Results and discussions

Optimization of the extraction reagent of 3-methylquinoxaline-2-carboxylic acid and dedioxoquinenone

Trichloroacetic acid had little influence on the ion response of positive ions but reduced negative ions significantly, such as chloramphenicol, when detection for other compounds. Acetonitrile could cause denaturation of protein, as preliminary purification, but too much fat extracted at once. According to the structure of the targets and previous literature [18], two reagents, 2.0 mol L−1 HCl and ethyl acetate, were compared. When extracted with 2.0 mol L−1 HCl solution, the bound metabolites, 3-methylquinoxaline-2-carboxylic acid, and dedioxoquinenone, can be released through hydrolysis. The content of 3-methylquinoxaline-2-carboxylic acid and dedioxoquinenone was 2–3 times that of ethyl acetate. Therefore, 2.0 mol L−1 HCl was selected as the extraction reagent. The effects of extraction time (30 min, 60 min, 90 min, and 120 min) were investigated. It was found that if the extraction time was more than 90 min, the efficiency was not increased. Therefore, 90 min was selected for extraction.

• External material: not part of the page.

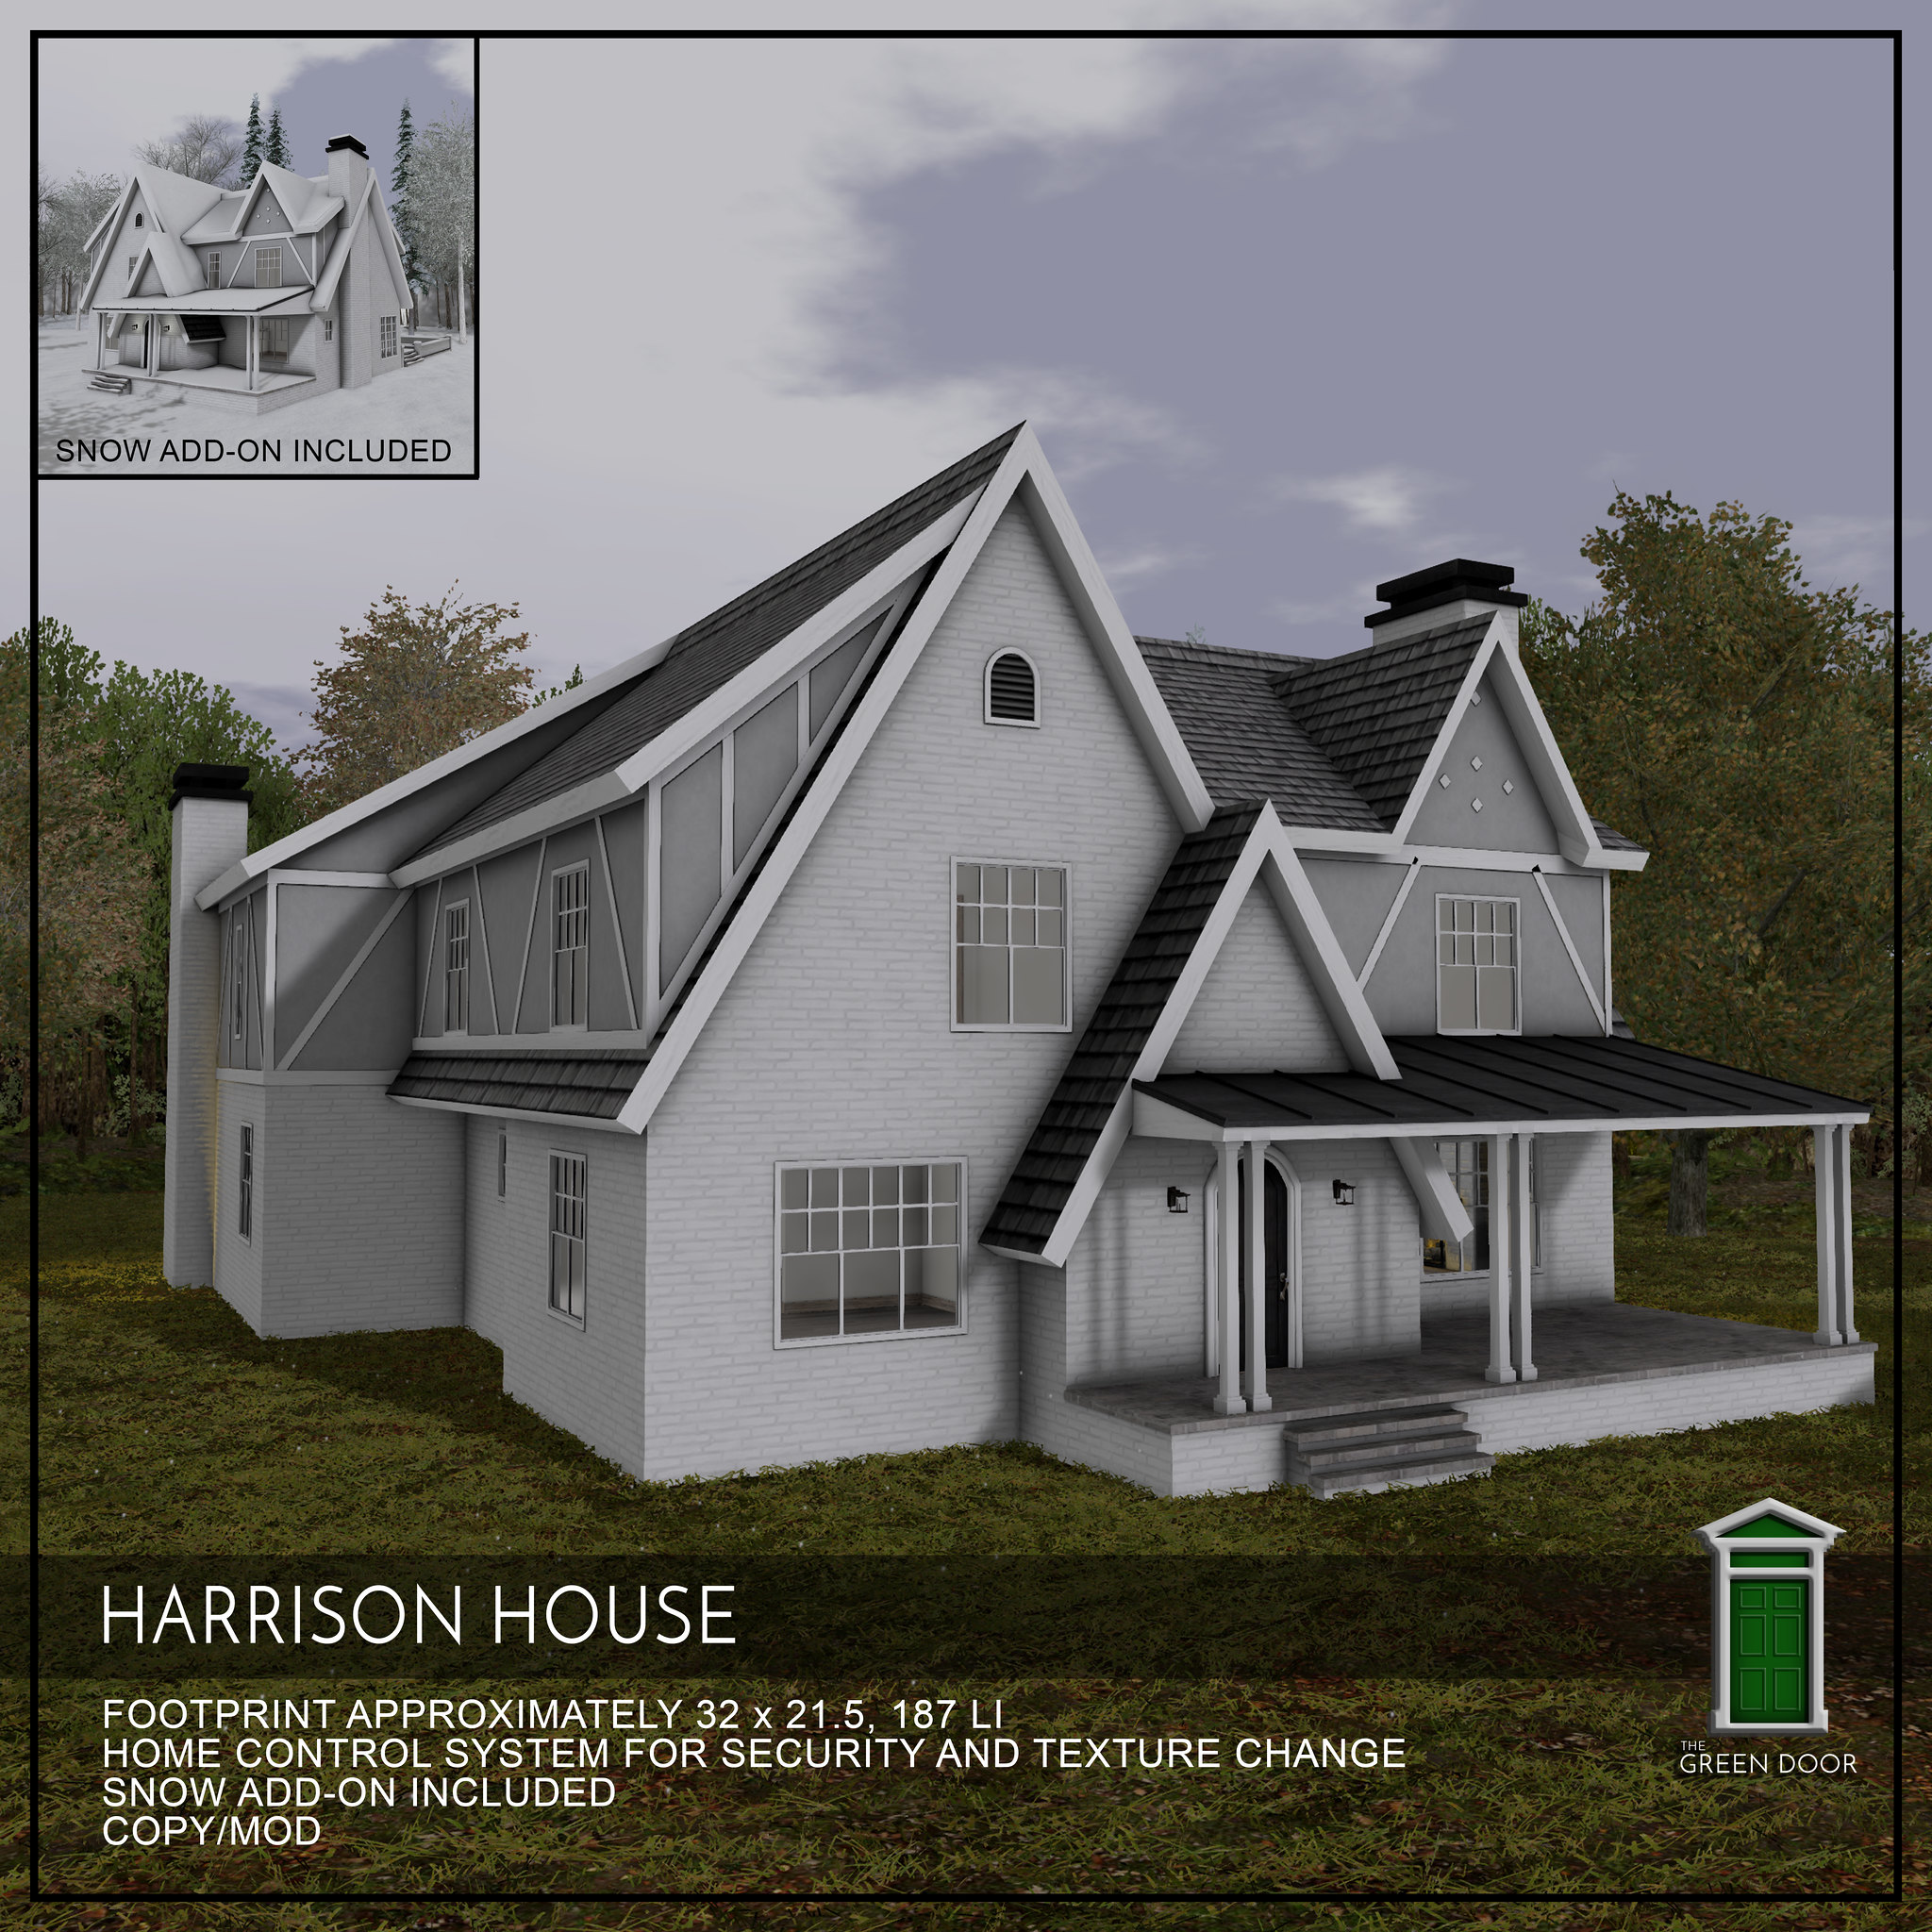 The Green Door – Harrison House

Optimization of purification of SPE process

In view of fat, protein, and other interfered aquatic products, liquid-liquid extraction could not achieve the satisfying result in the purification process. The recoveries were calculated with calibration curves of matrix-matched shown in Fig. 2, illustrating that quinocetone, 3-methylquinoxaline-2-carboxylic acid, and dioxoquinenone could achieve better retention in the MAX column, chosen for the concentration purification.

Fig. 2.
Fig. 2.

Comparison of recoveries of quinocetone, 3-methylquinoxaline-2-carboxylic acid, and dedioxoquinenone using different columns of Apostichopus japonicus (n = 3)

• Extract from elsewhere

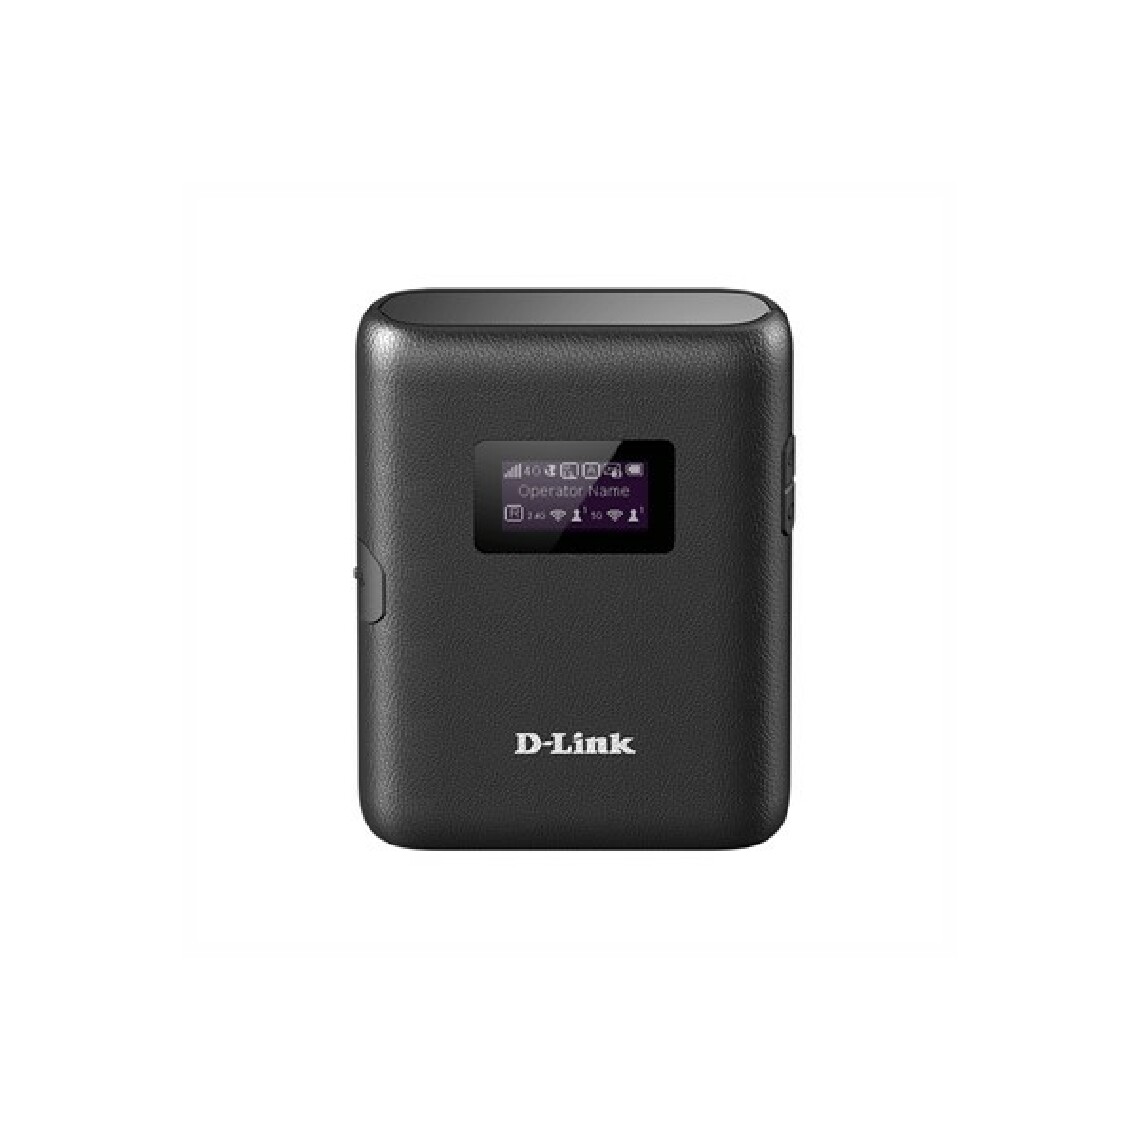 D-Link - Modem sans fil D-Link DWR-933 Noir - Modem / Routeur / Points d'accès

Citation: Acta Chromatographica 34, 4; 10.1556/1326.2022.01001

Optimization of the elution and reconstituted solution

MAX column was applied for the concentration and enrichment of acidic compounds generally, and better effect can be achieved if acidic solution for elution. Dichloromethane and formic acid-ethyl acetate (2/98, v/v) were chosen for the eluent. The dichloromethane volume (6 mL, 12 mL, 18 mL, and 24 mL) was discussed, and 12 mL was selected. Meanwhile, the volume of formic acid-ethyl acetate (2/98, v/v) was discussed, and 3 mL was chosen. The results were indicated that the target compound was eluted completely using 12 mL dichloromethane and 3 mL formic acid-ethyl acetate (2/98, v/v). Acetonitrile-water was used for the reconstituted solution, and the proportion was also tested. Formic acid could achieve better ion response and peak shape. Formic acid-acetonitrile-water (0.1/30/70, v/v/v) was used for reconstituted solution for better ion response.

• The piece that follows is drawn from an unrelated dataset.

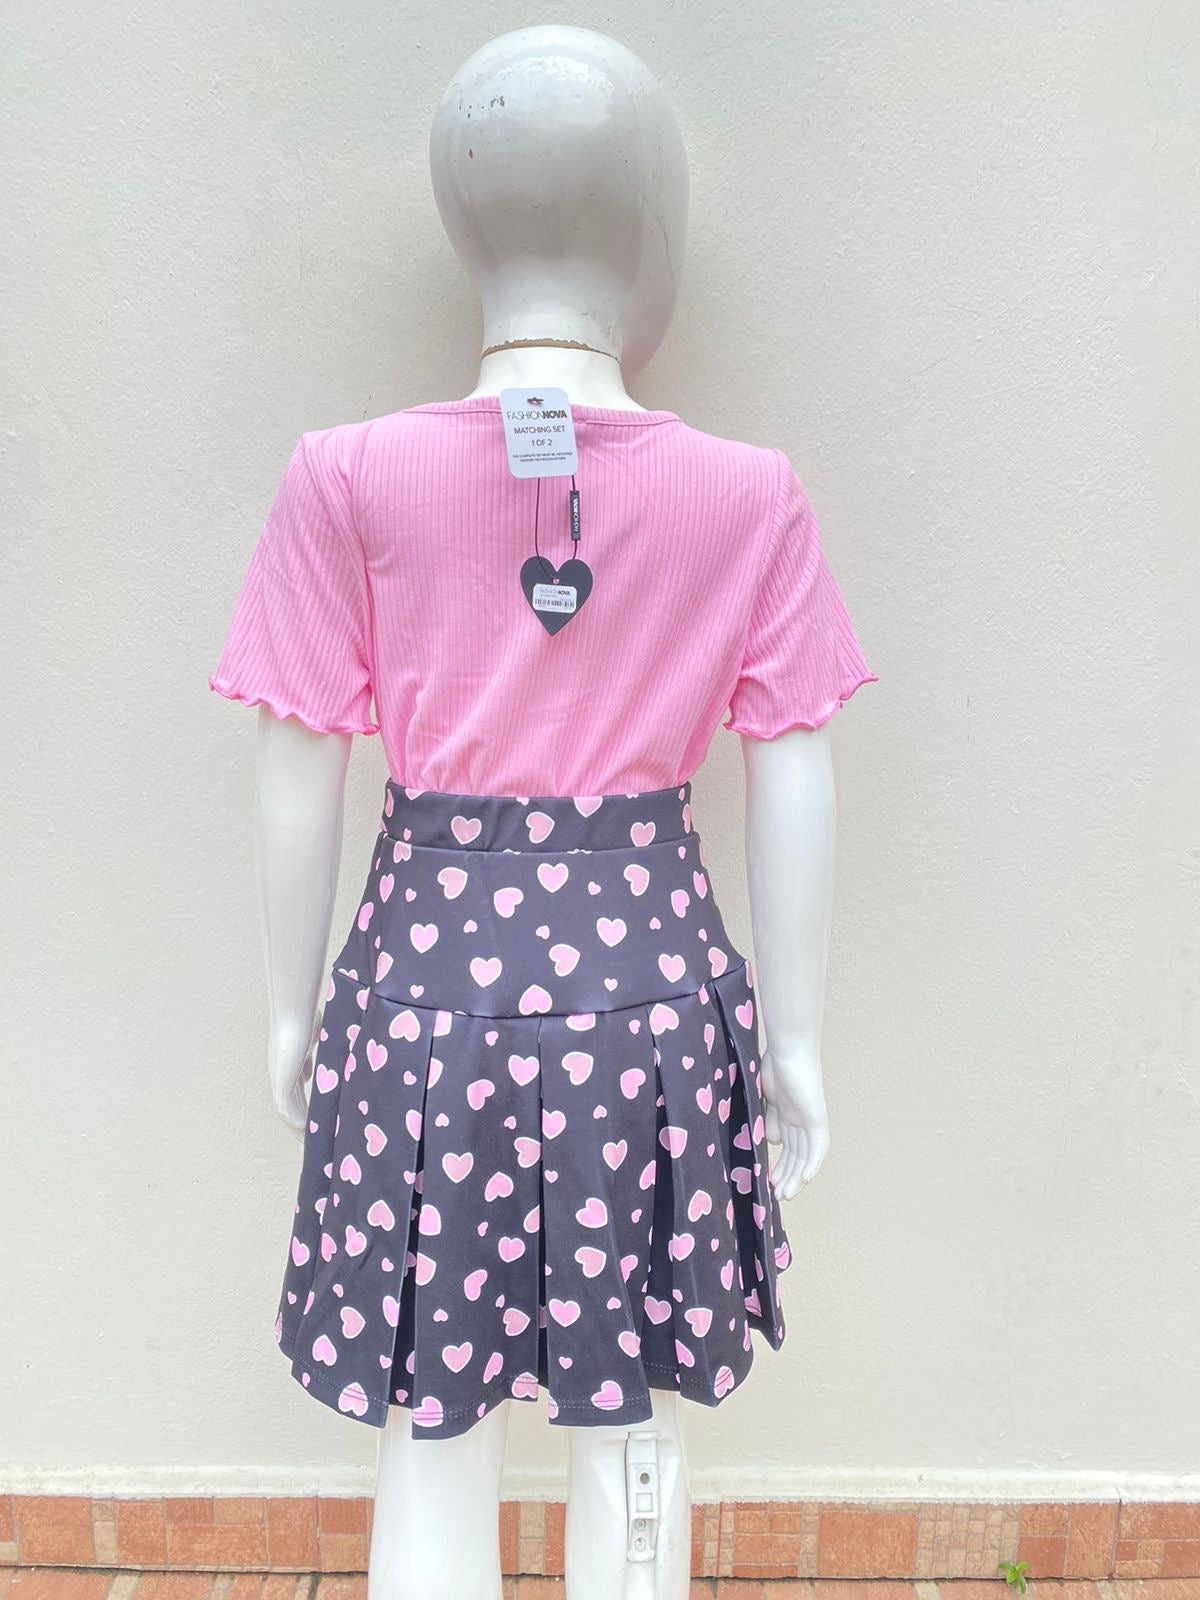 Conjunto Fashion Nova original de falda y top, rosado con negro y corazones en rosado.

Optimization of MS/MS conditions

Tuning solution (1.0 μg mL−1) was introduced into the electrospray source by direct infusion (20 μL min−1) during the tuning process. Figure 3 showed the mass spectrum infused into the triple quadruple mass spectrometer. The main diagnostic ions produced in MS/MS, 77, 90, 103, 131, and 143 of quinocetone, 77, 92, 102, 143 and 145 of 3-methylquinoxaline-2-carboxylic acid, and 119, 143, 171, 184 and 247 of dioxoquinenone, were identified in positive ionization mode. Two diagnostic ions were selected with the higher response and better ratio of signal to noise, 103 and 143 for quinocetone, 143, and 145 for 3-methylquinoxaline-2-carboxylic acid, 143, and 247 dioxoquinenone, respectively.

Fig. 3.
Fig. 3.

The primary diagnostic ions produced of quinocetone, 3-methylquinoxaline-2-carboxylic acid, and dioxoquinenone in MS/MS mode

Citation: Acta Chromatographica 34, 4; 10.1556/1326.2022.01001

All parameters were optimized to increase sensitivity, which fulfilled the recommendations of the European Union concerning identification, since two transitions from the ionized molecule of the targets providing four points in the scale-a value regarded as sufficient for unequivocal identification. Figs 4 and 5 illustrated the possible bond breaking and remapping modes for the main ion fragments of quinocetone (m/z 307) and 3-methylquinoxaline-2-carboxylic acid (m/z 189).

Fig. 4.
Fig. 4.

The possible bond breaking and remapping modes for the ion fragments of quinocetone (m/z 307)

Citation: Acta Chromatographica 34, 4; 10.1556/1326.2022.01001

Fig. 5.
Fig. 5.

The possible bond breaking and remapping modes for the ion fragments of 3-methylquinoxaline-2-carboxylic acid (m/z 189)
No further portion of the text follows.